Spiritual health is often not classified as part of wellness, but in my book it is because it impacts our lives. It gives a person a sense of who one is and their meaning of life. What is my purpose? What do I value most? These questions will lead you to a deeper understanding of self and what gives your life fulfillment.

  • Take time to meditate - connect with yourself, whether in the morning, at lunch break, or before bedtime. Take five minutes to breathe, let go of the day, and meditate. Some prefer prayer. Above all, free your mind and foster a stronger relationship with your spiritual wellness. 
  • Spend time with nature. Go outdoors for a long walk or hike and connect with the world.
  • Express your feelings. This will  help you stay focused after a long day. By writing down your thoughts, you are able to think clearer. 

Emotional Wellness - how we manage our feelings. 

  • Keep a gratitude journal. A habit of daily gratitude is the key to joyfulness and contentment. The journal helps focus on the good and what we're thankful for.
  • Manage stress. Let go, slow down, sleep in, practice giving back, take a walk, meet up with a friend, be active and get a massage regularly. 
  • Nurture strong friendships. Maintain and build strong friendships by meeting for lunch, sponsor potluck dinners, join a book club, or form a support group of close friends to meet regularly.

Build strong social connections. Friendships and connections influence our wellbeing. Meaningful and lasting social connections serve as a buffer against stress and promote physical and mental health. People who have satisfying relationships have been shown to be happier, have fewer health problems, and live longer. 

  • Maintain good hearing and vision. Those with an undiagnosed hearing or vision problem  avoid social situations out of embarrassment and difficulty with communicating.
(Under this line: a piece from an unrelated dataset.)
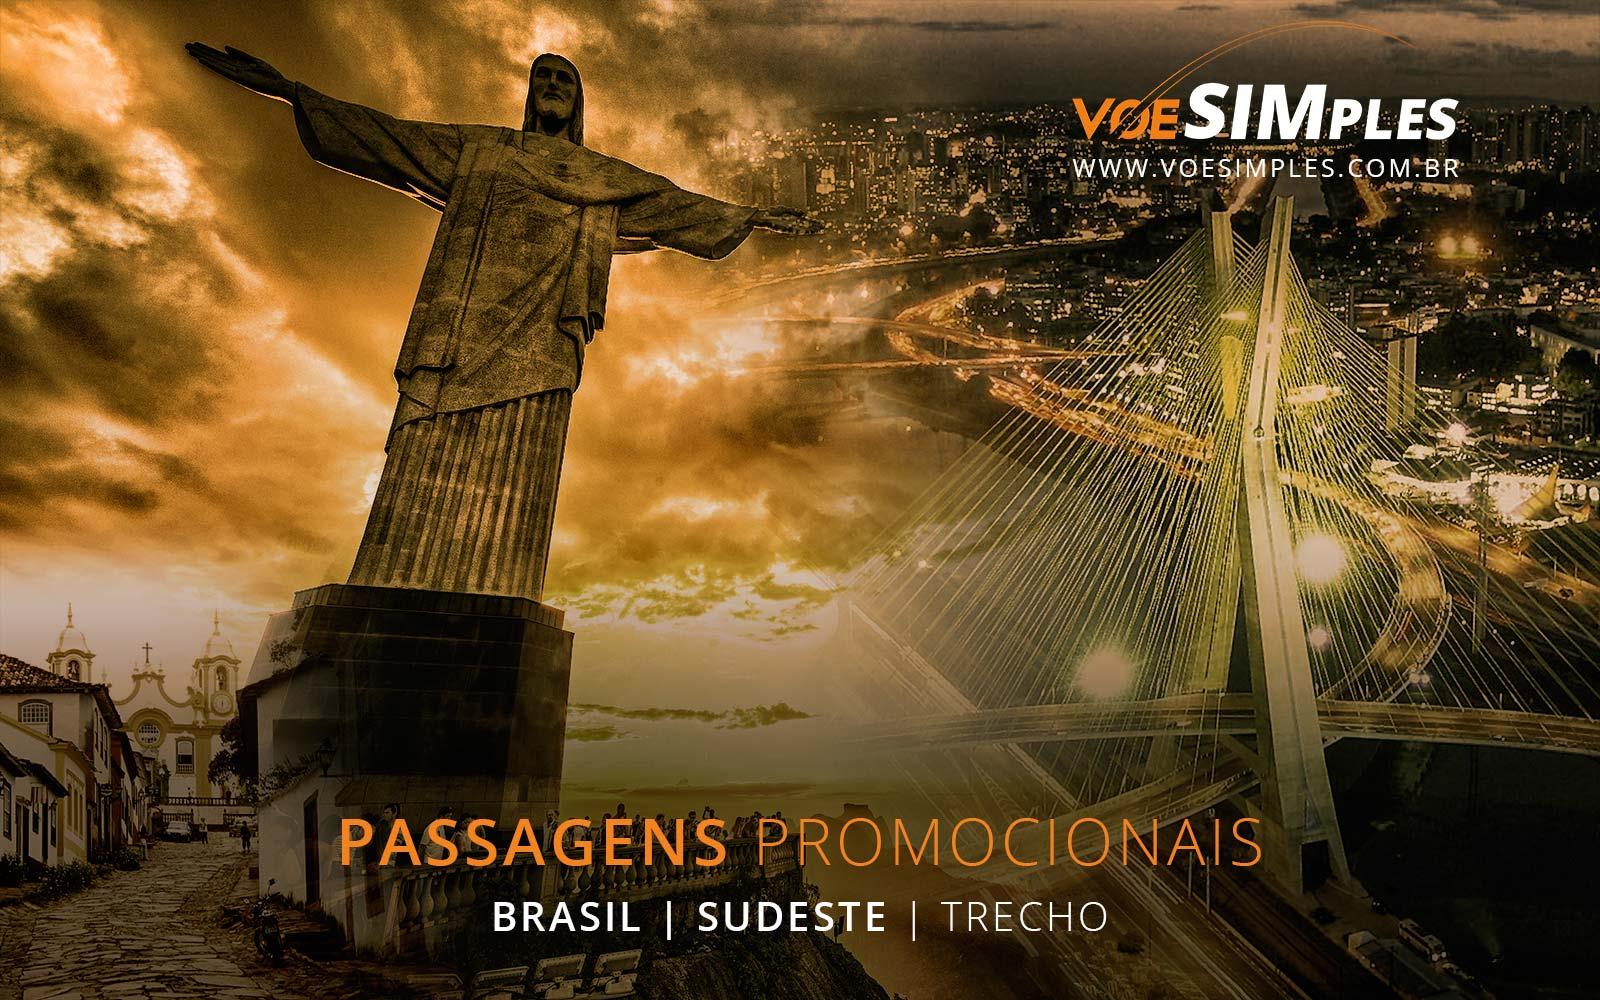 passagens-aereas-promocionais-brasil-voe-simples-passagem-aerea-promocional-barata-promocao-passagem-aviao-passagens-aereas-brasil-sudeste-trecho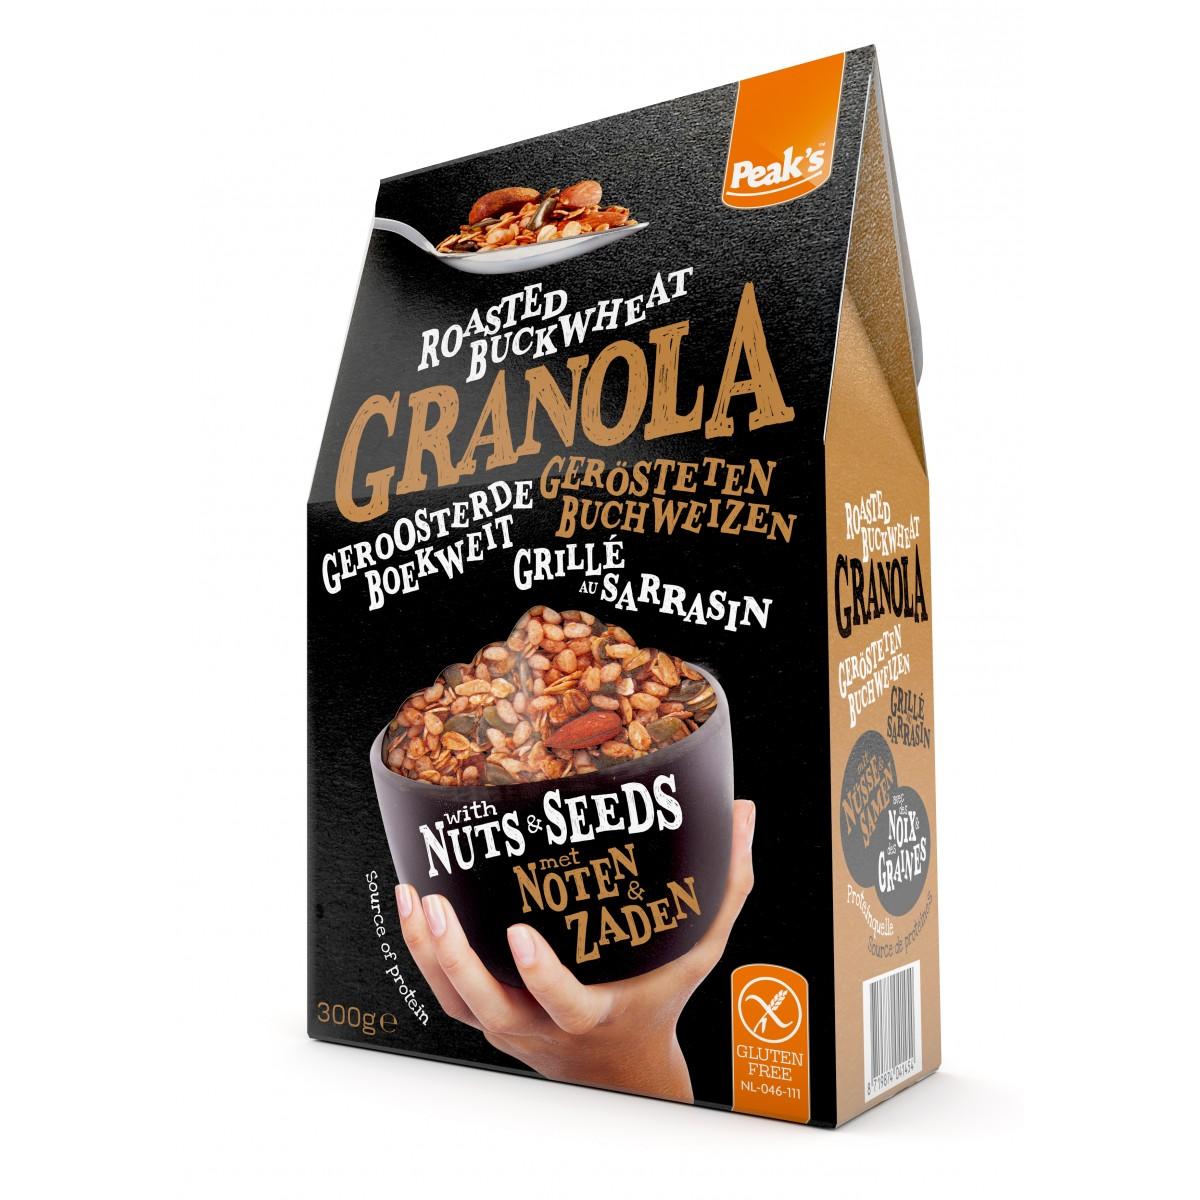 Granola Roasted Boekweit Noten & Zaden

Get your problems treated as soon as you can to remove this barrier. 
  • Share a meal. Dine out with friends whenever possible, or a church group, with members at the local senior center, or at a café near your home. Even going to a diner on your own for a cup of coffee is social. Just sit at the counter and chat with your server. 
  • Volunteer locally. The meaning and purpose you find in helping others will enrich and expand your life. 
  • Develop a hobby. Besides providing a sense of purpose, many hobbies and interests are social in nature.

People who continue to grow become a better person. If you take good care of your health and strive to be the best you, I promise you'll appreciate life more.

It’s part of the inevitable by-product of paying attention to loving yourself completely.